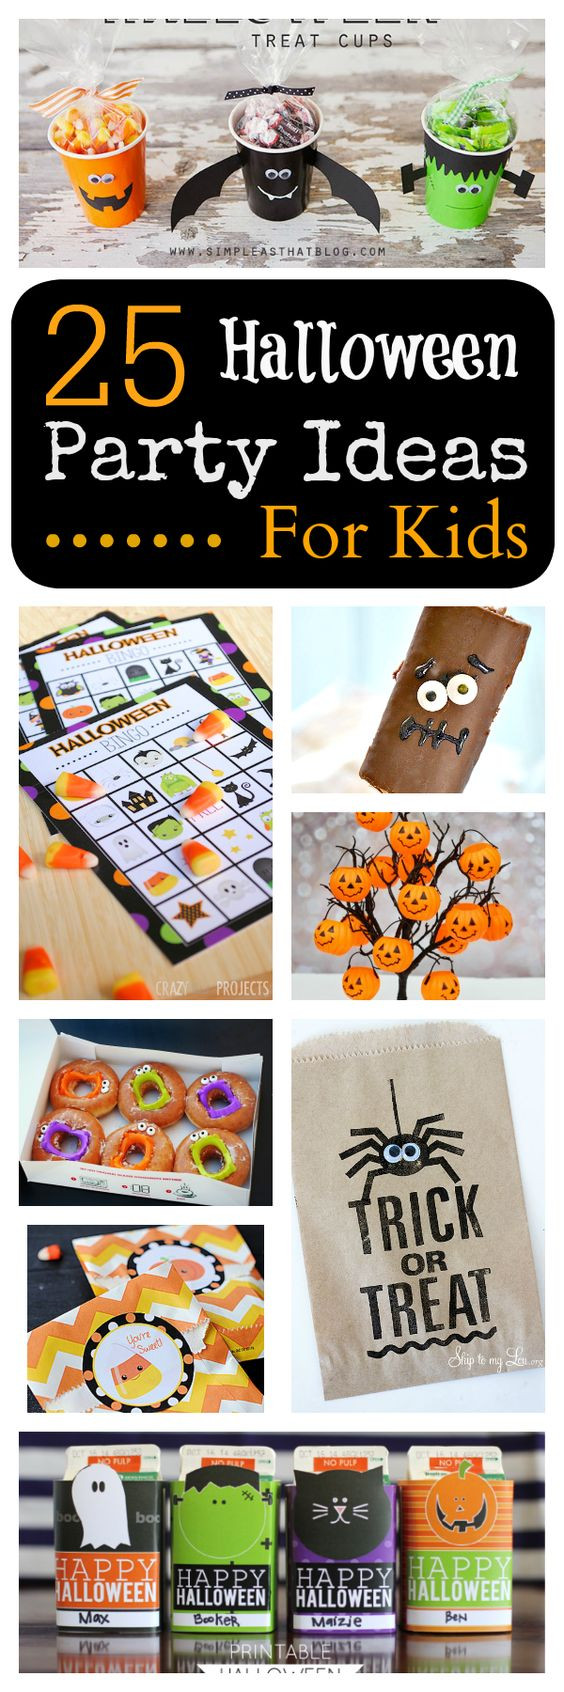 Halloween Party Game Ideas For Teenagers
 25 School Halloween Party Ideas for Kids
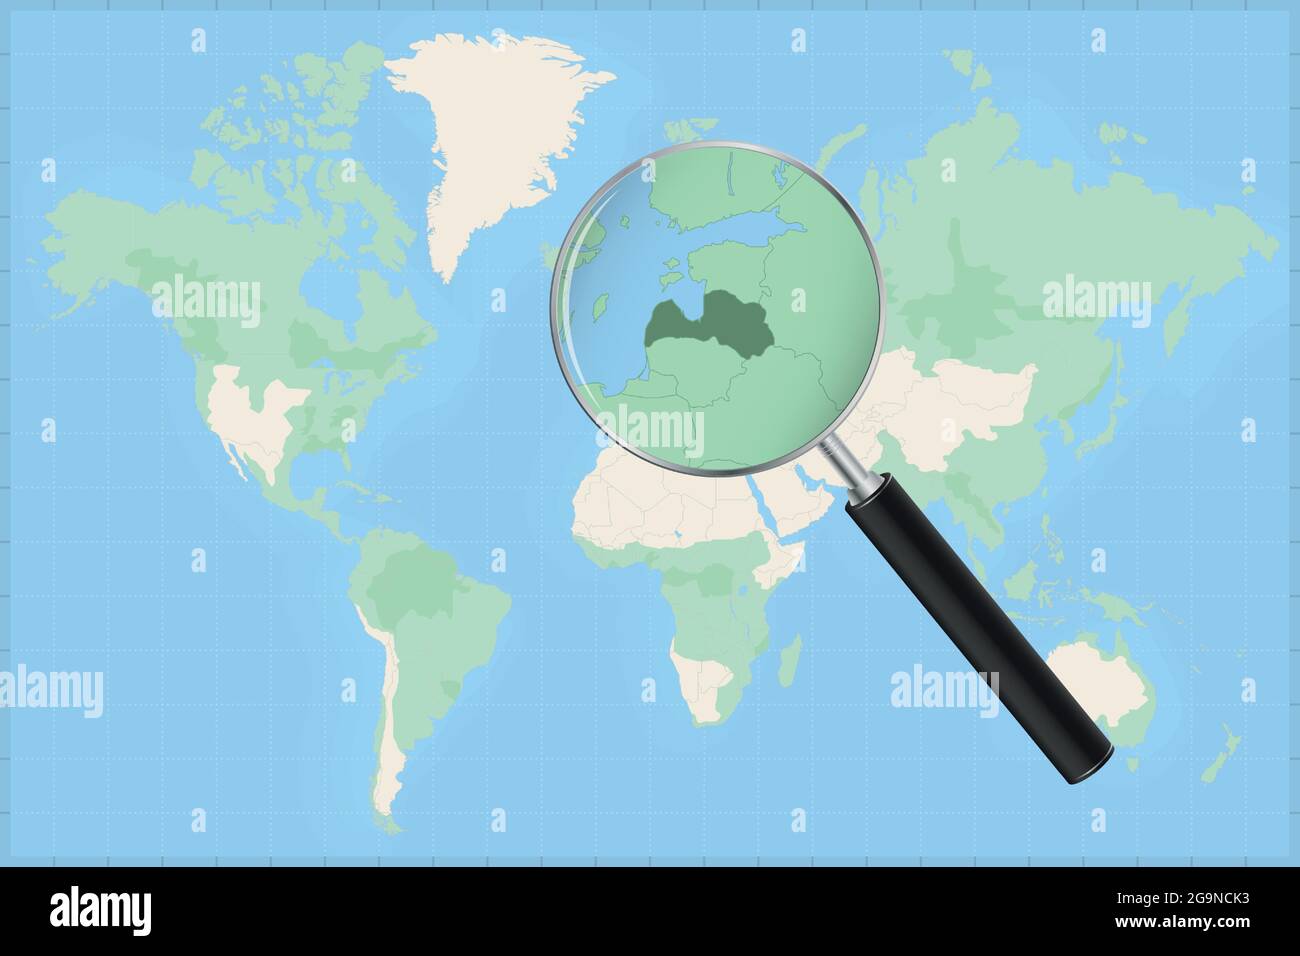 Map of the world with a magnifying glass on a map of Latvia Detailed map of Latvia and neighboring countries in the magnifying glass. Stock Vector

* _Instructions for the task_
Working from the line that contains "25 School Halloween Party Ideas for Kids" to the last line of the listing, please quote each line exactly, pictures excluded.

* _Answer box_
 25 School Halloween Party Ideas for Kids
 Map of the world with a magnifying glass on a map of Latvia Detailed map of Latvia and neighboring countries in the magnifying glass. Stock Vector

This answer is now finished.